A month after the accident, Phillips gives up the walker. He moves awkwardly, stiffly, jerking like a marionette. Against the doctor’s advice, he’s “fighting to get back [to work] because I don’t have any money. I’m on disability but my checks haven’t come.”

Friends arrive bearing shoes -- he never got his diesel-soaked belongings from the hospital. He loves the shoes, perfect for skateboarding, which is how he used to get to work. They bring a stack of videos too. “Movie charity,” he says.

He keeps busy playing his guitar, painting, worrying about next month’s rent.

Five weeks after the accident, his disability check comes. They can pay January rent. The car insurance check is in the mail. No more small cars for her. They buy a used Jeep.

“I feel safer,” Fay says. “I’m higher up. I have better visibility.” She ups her car insurance coverage, expecting a huge increase. Surprise. The bill gets smaller. But she still fears driving on the freeway.
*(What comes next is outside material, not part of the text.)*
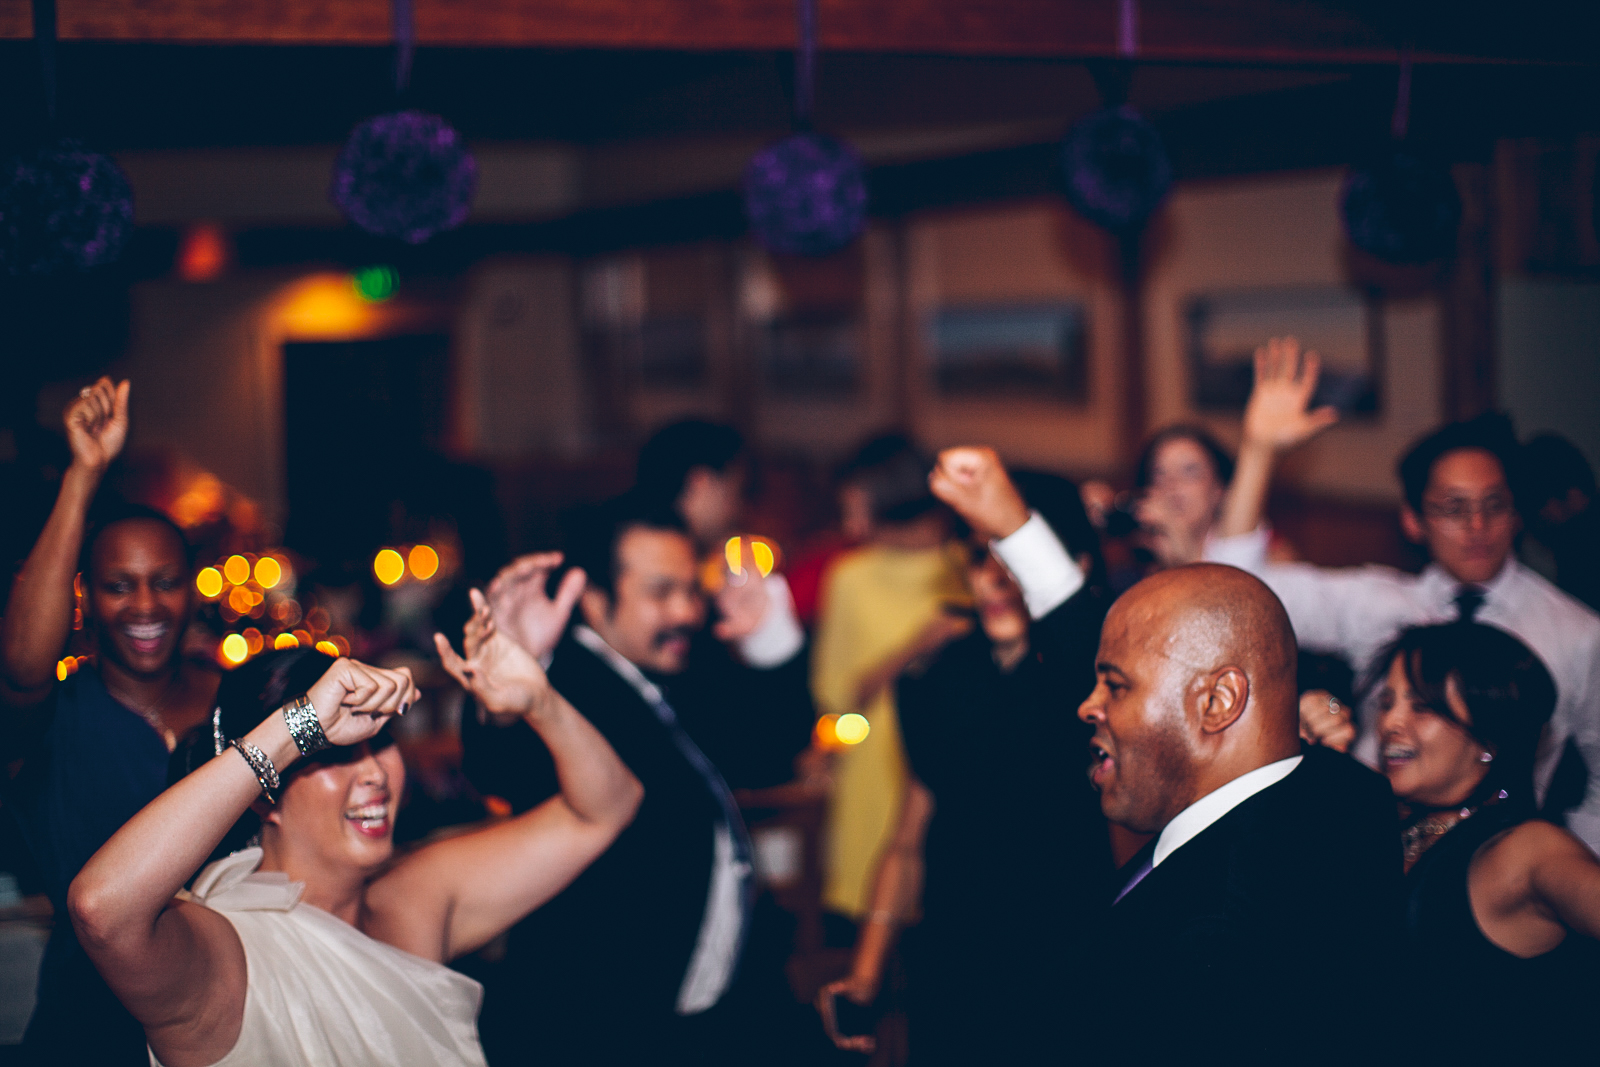 greens_restaurant_wedding_photography_san_franscisco_ebony_siovhan_bokeh_photography_82.jpg
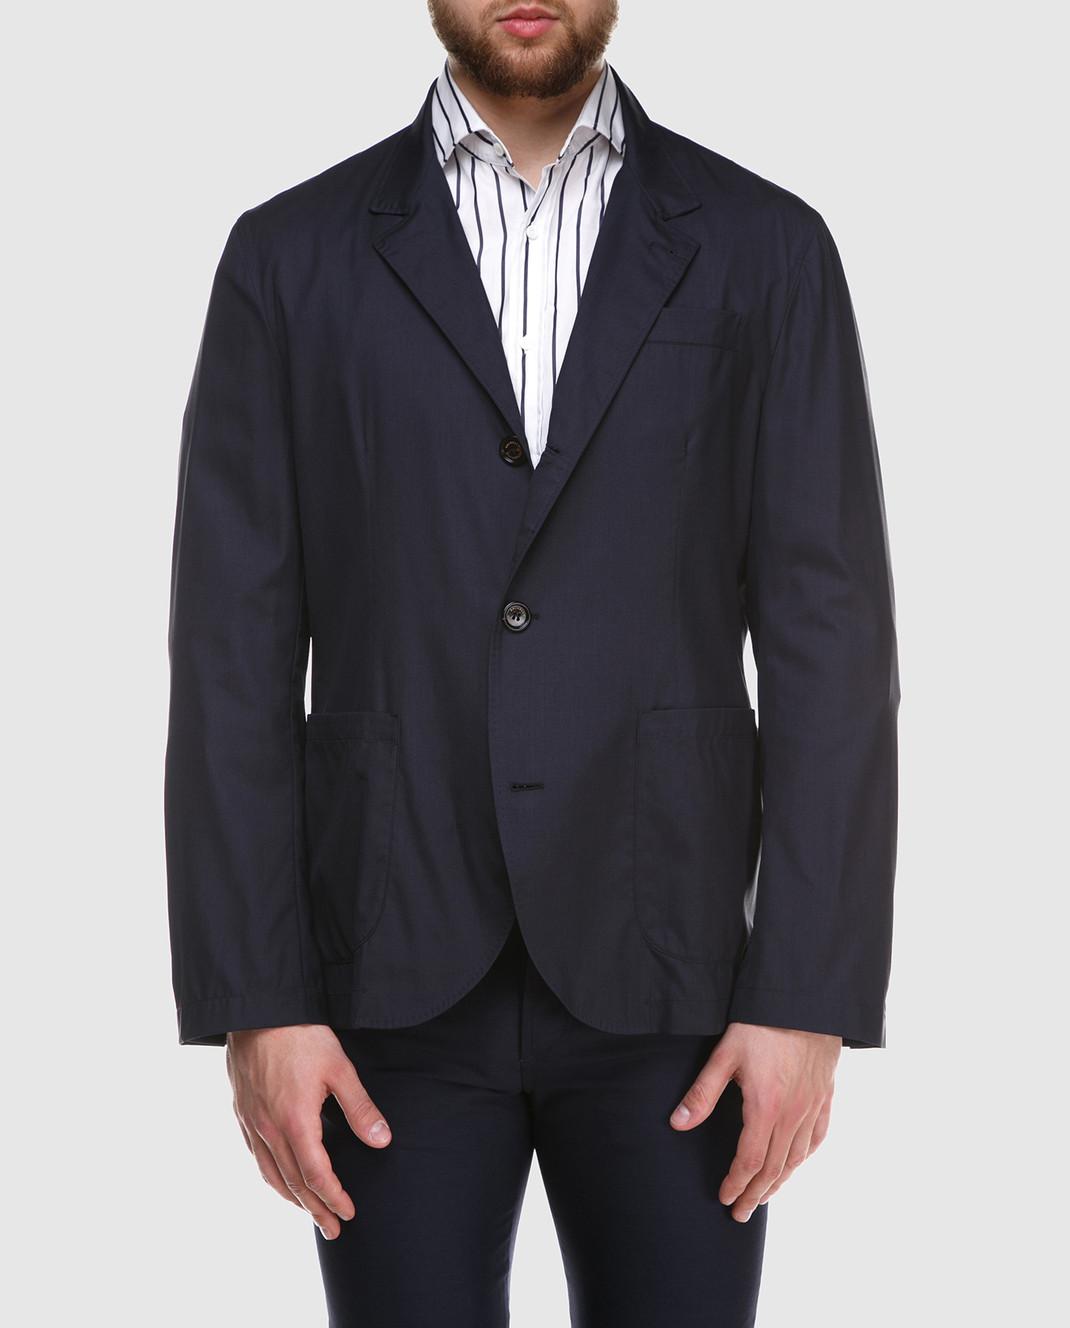 Brunello Cucinelli Темно-синий пиджак MH4626132 изображение 3

Six weeks since the collision, the pain is getting better, the tears less frequent. No house guests are scheduled to come for the holidays. A little Christmas tree lights up their house. Today, more than seven weeks after the crash, CHP investigators continue to reconstruct the pile-up. They do not know what set off the chain reaction that crushed cars, shattered bones and jolted the lives of more than 200 drivers and their passengers, including one young couple’s. Bam.